Katsuhiko Meshino, a senior writer for Japan’s Nikkei newspaper, highlighted how Xi’s visit to Mao’s mausoleum and Abe’s to Yasukuni were both criticized for not accurately facing bygone times.
“Abe and Xi both ignored critical views about certain chapters of their nations’ histories and asserted their own thoughts about the histories,” he wrote.
Looking at their slogans, he added: “It seems that the two leaders are pursuing ghosts of the past instead of charting a new course for their countries.”
So far, the two men’s only encounters as leaders have been a brief meeting on the sidelines of the G20 summit in Russia in September and a handshake at October’s APEC gathering in Indonesia. China says the shrine visit has closed the door on dialogue.
However, both leaders are seeking to revitalize their economies, offering a potential fail-safe against escalating their confrontations too far, analysts say.

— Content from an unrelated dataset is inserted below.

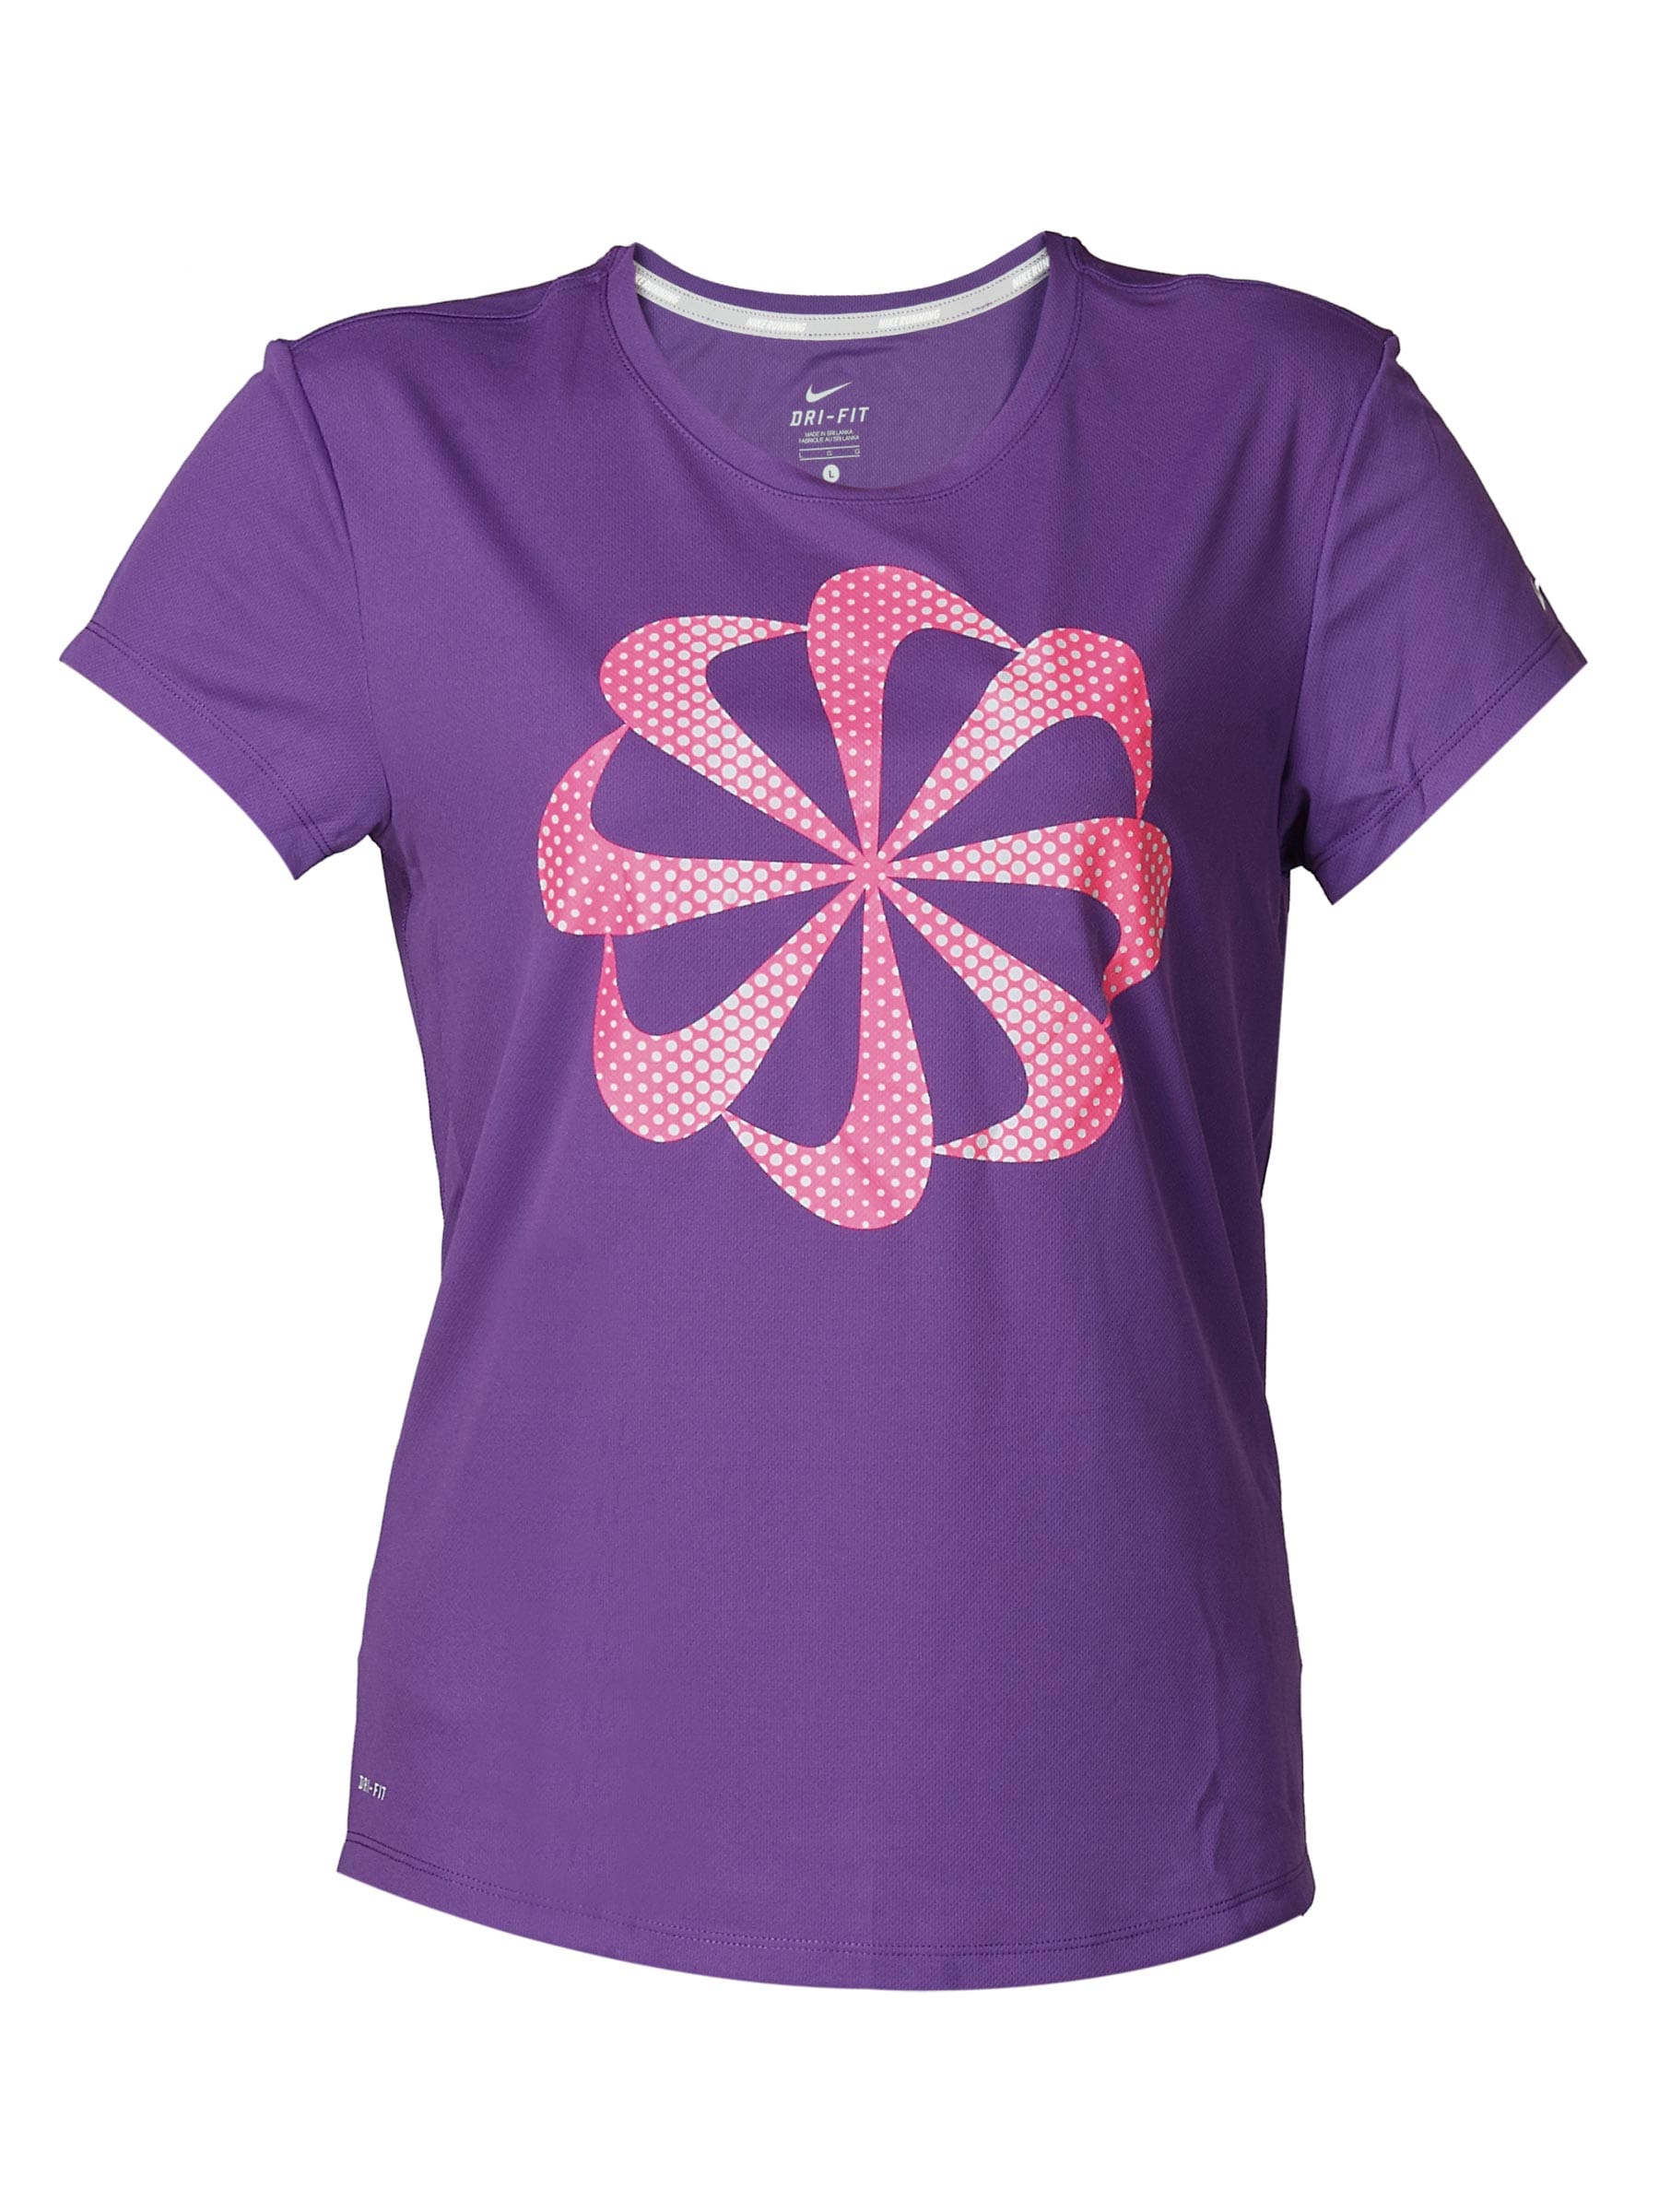 Nike Women's Challen Purple T-shirt
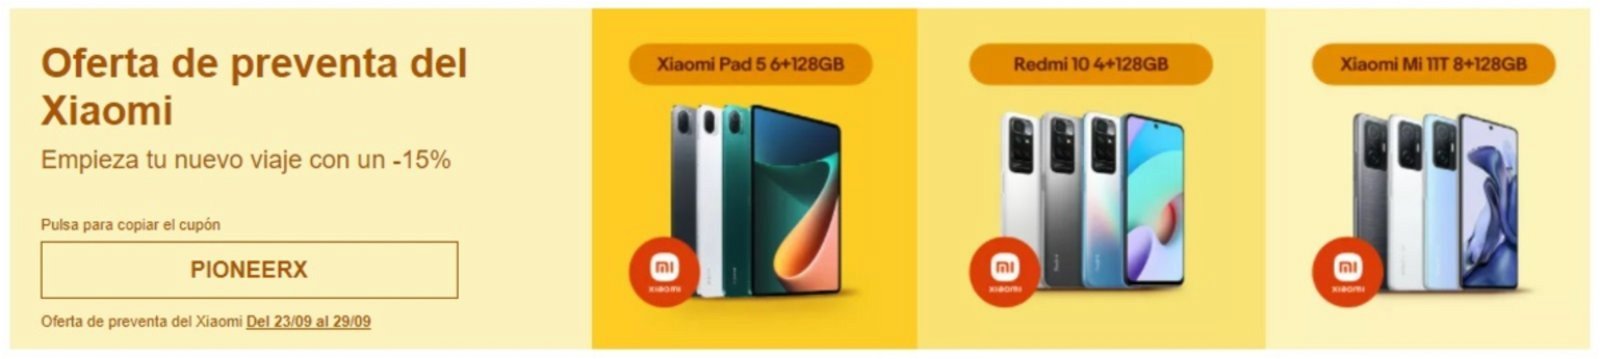 Oferta de preventa de eBay para los nuevos dispositivos de Xiaomi

Unlike after Tokyo nationalized some of the disputed islands in 2012, Abe’s shrine visit has not so far led to attacks on Japanese interests in China, Lam said, adding: “Economic ties are a very strong restraining factor in further deterioration.”
Abe and Xi also face similar challenges, according to David Zweig, a professor at Hong Kong University of Science and Technology.
“Power-wise China is in ascendancy, but morally it’s in decline and so that’s why you get this effort by Xi to impose a new morality, a Maoist morality, an anti-corruption morality, a dream-of-greatness morality, a unification morality,” he said.
“Abe is clearly trying to end the 22 years of decline. And the way you do that, he probably figures, is through enhancing nationalism, rewriting the past, giving people a more positive sense of who they are as Japanese, strengthening the military, not being so passive in international affairs,” Zweig added.